Unido a esto, parece haber una serie de presunciones extendidas desde distintas organizaciones sociales (formales e informales) y asumidas con demasiada facilidad, referidas a que la situación no es tan negativa, que los cambios acontecerán sin necesidad de hacer nada o, aún más paralizante, que los cambios son imposibles y las alternativas inviables.
Por último, convendría tener presentes todos los significados negativos que se asocian habitualmente a formar parte de una organización política: la búsqueda de intereses personales, el "amiguismo", la corrupción, las luchas de poder, etc.
- Las dificultades de participación: dónde, cuándo, cómo. No existen apenas espacios, no ya virtuales, sino físicos, donde los jóvenes puedan desarrollar esta participación. Las mismas condiciones laborales dificultan en muchas ocasiones la movilización social y política continuada. Y ni se fomenta, ni se enseña a crear y formar parte de organizaciones alternativas a las establecidas.

3. VIAS PARA EL CAMBIO

Una vez esbozadas las posibles causas, proponemos a continuación, vías de cambio:

- En primer lugar, es imprescindible la difusión de información ignorada o adulterada en los medios de comunicación de masas.
- Creación y mantenimiento de espacios de debate, desde los que los jóvenes puedan reflexionar, aportar ideas e iniciar la movilización.
- Establecer vías de comunicación con ellos (intercambio, aportación de ideas y de nuevas energías).
- Debemos plantearnos también la sustitución de los valores imperantes en nuestro sistema.
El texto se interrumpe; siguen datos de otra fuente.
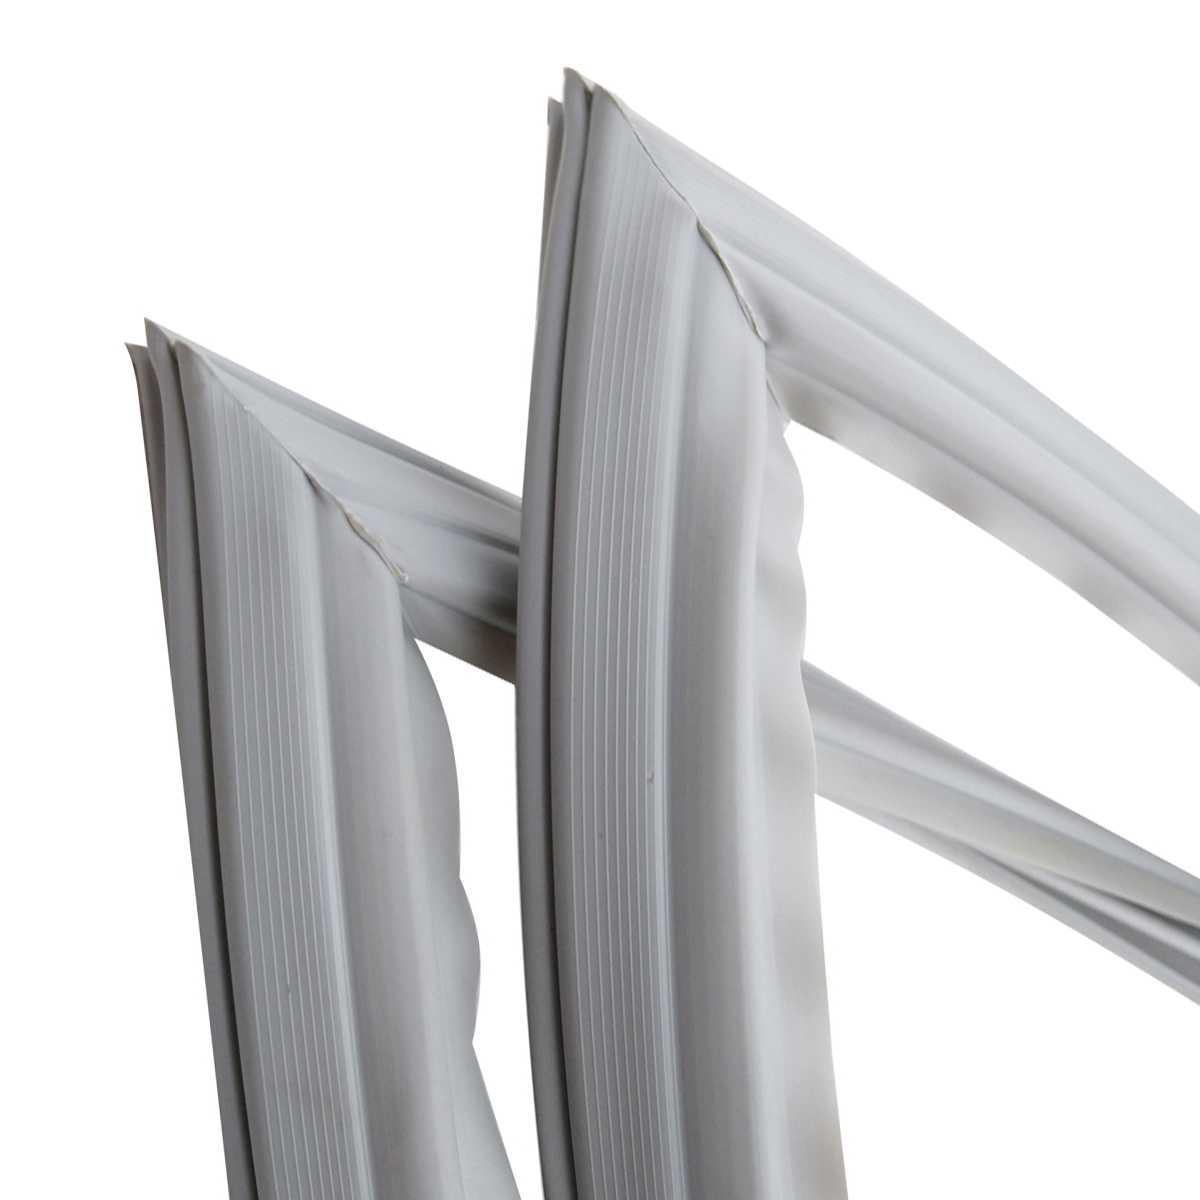 Gaxeta borracha da geladeira Electrolux superior DFF, DF, DFW, DFX, DC 48X68
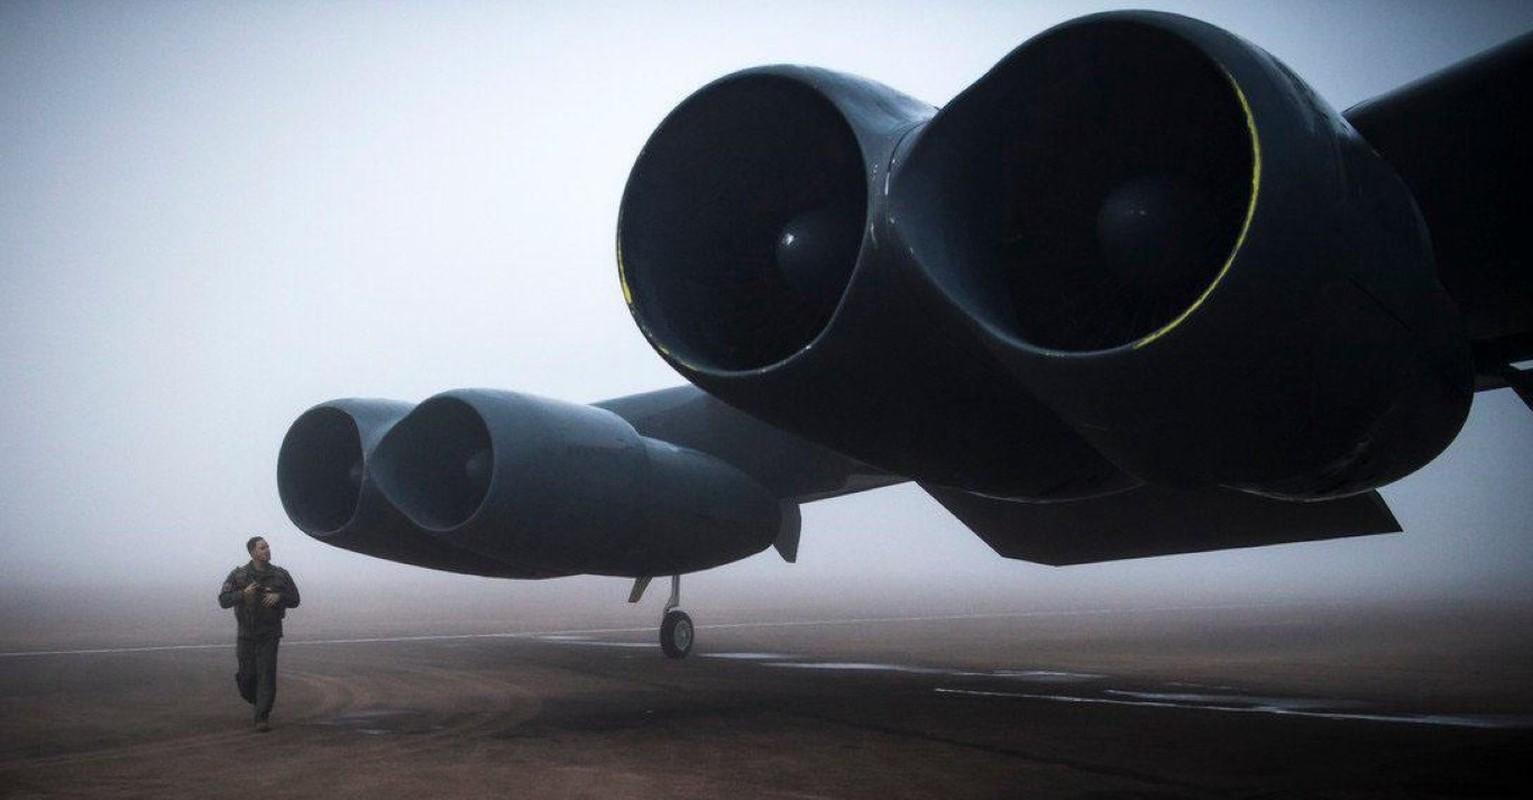 Hon 60 nam di qua, B-52 van la bieu tuong cua khong quan My-Hinh-28

Aunque este sea un objetivo a largo plazo, debe empezar a trabajarse ya desde cualquier ámbito en el que participemos (trabajo, relaciones personales, etc.)
- En la misma línea, en referencia a ideas asumidas que puedan estar impidiendo la participación de nuestros jóvenes, es imprescindible desmontar los mitos que en torno a dicha participación se extienden interesadamente.
- En vista de la escasa motivación para todo lo que tenga tintes de colectivo, el acercamiento quizá debería hacerse a partir de aquello que afecte personalmente a los jóvenes, con formas puntuales (más a largo plazo, sostenidas) de participación. En este sentido, deben realizarse actuaciones conjuntas con otros movimientos sociales en los que participa la juventud (por ejemplo, movimiento antiglobalización).


4. RELACIÓN PCE-UJCE

Planteamos que la relación entre UJCE y PCE sea de autonomía organizativa pero de referencia recíproca. Las visiones que ambas organizaciones aportan pueden ser complementarias y, cuando no lo sean, convertirse en un debate a través del que se superen dificultades.
El PCE debe ser un ejemplo organizativo en el sentido de que se aplique en el mismo partido aquello por lo que se lucha. No puede ser un espacio más donde se reproduzcan las relaciones que existen en una sociedad capitalista.
El partido ha de aportar formación y experiencia a sus jóvenes y estos renovación de ideas y de participantes.
Se hace necesaria la creación de una tradición de lucha, desde la que se facilite el acceso de los jóvenes a la militancia. Sabemos que ahora debemos ser nosotros los que tomemos la iniciativa pero el camino será continuado por los jóvenes si logramos iniciar este espíritu.